Argumentasi para ulama tersebut memang sangat bervariasi. Hanya Imam Hambali yang kelihatan agak longgar dengan membolehkan mengambil kelebihan pelunasan dari yang berhutang asalkan kelebihan itu dijanjikan oleh pihak yang berhutang.

BAB III
PENUTUP
A. Kesimpulan
1. Utang piutang (Qard, Dain) itu sangat dianjurkan dalam islam, bahkan menjadi perintah Allah sendiri yang sudah termaktub dalam Al-Qur’an. Banyak ulama yang menghukumi diakibatkan banyaknya cara dalam proses peminjamannya. Uatag piutang yang diperbolehkan dalam islam sudah memenuhi rukun, sesuai persyaratan barang yang akan dipinjamkan dan sekaligus memnuhi sahnya Qard.

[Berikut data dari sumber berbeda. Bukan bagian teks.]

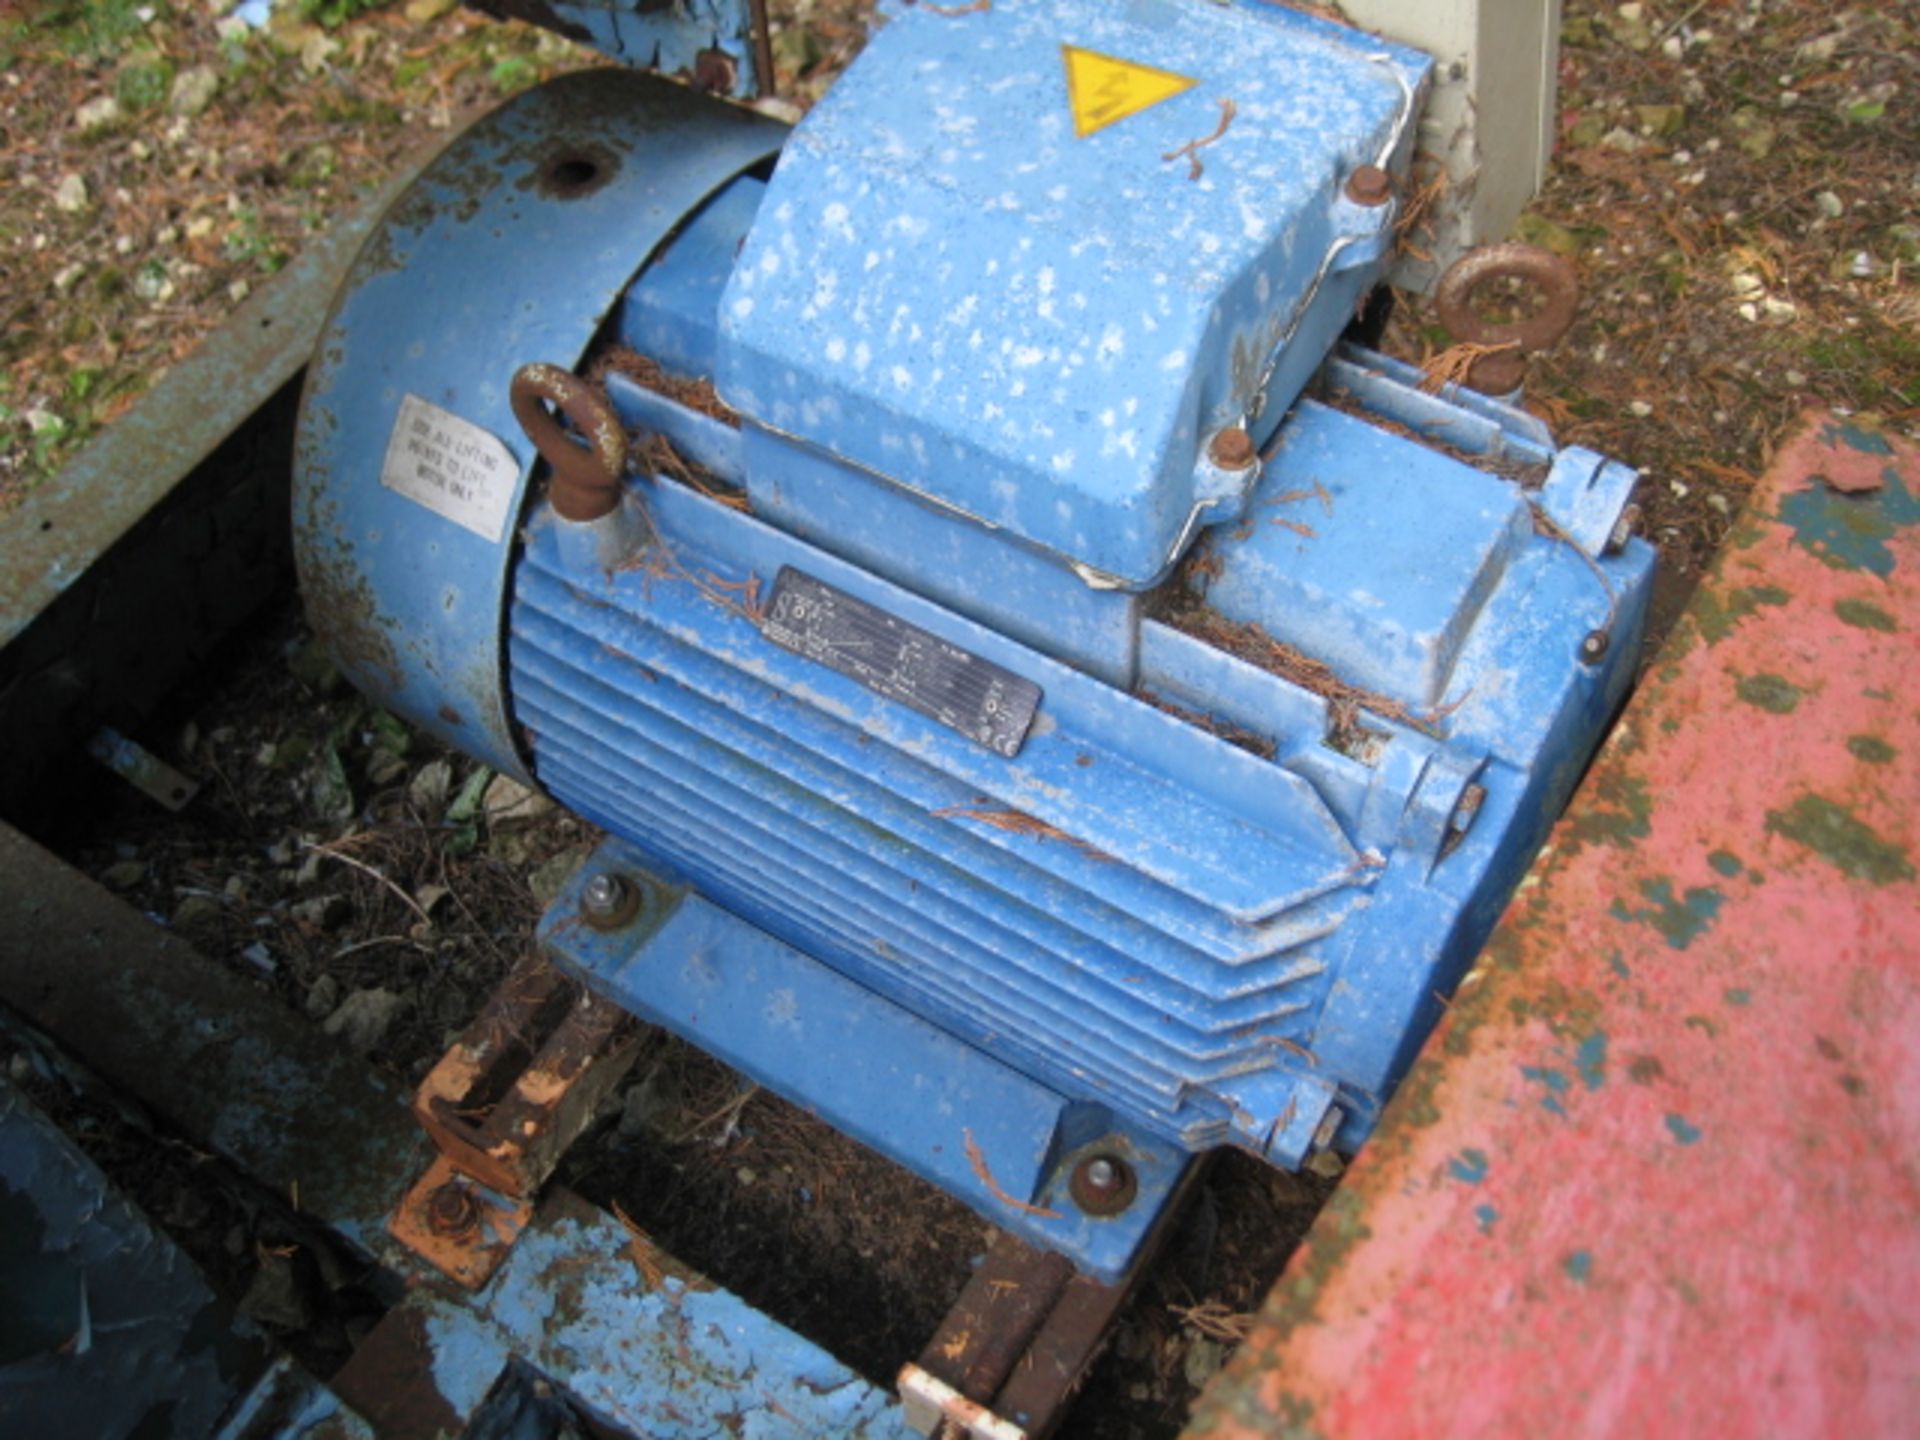 Provenair centrifugal belt driven fan model 30B Size C75 with 30kw motor. Lot located at Navenby, - Image 4 of 5

Misalnya, dalam qard tidak diperbolehkan memberikan pinjaman kepada orang yang mau menggunakan untuk jalam maksiat contohnya digunakan berjudi, berzina atau yang lainnya masuk dalam kategori maksiat. Hal tersebut bukan menjadi sunah lagi, tapi diharamkan memberikan pinjaman pada muqrid. Dan juga yang perlu diingat dalam memberikan pinjaman jangan sekali melebihi dari barang yang dipinjamkannya misalnya memberikan pinjaman uang sebesar Rp. 200.000 maka harus tidak dilebihkan dari jumlah itu. Perbedaan itulah yang menyebabkan hukum berbeda-beda.
2. Sangat dilarang bahkan diharamkan dalam islam, Karena itu termasuk riba, sedangkan riba itu diharamkan oleh Allah SWT. Makanya sangat dianjurkan untuk tidak dilakukan bagi siapa saja karena salah satu dari dua belah pihak ada yang dirugikan.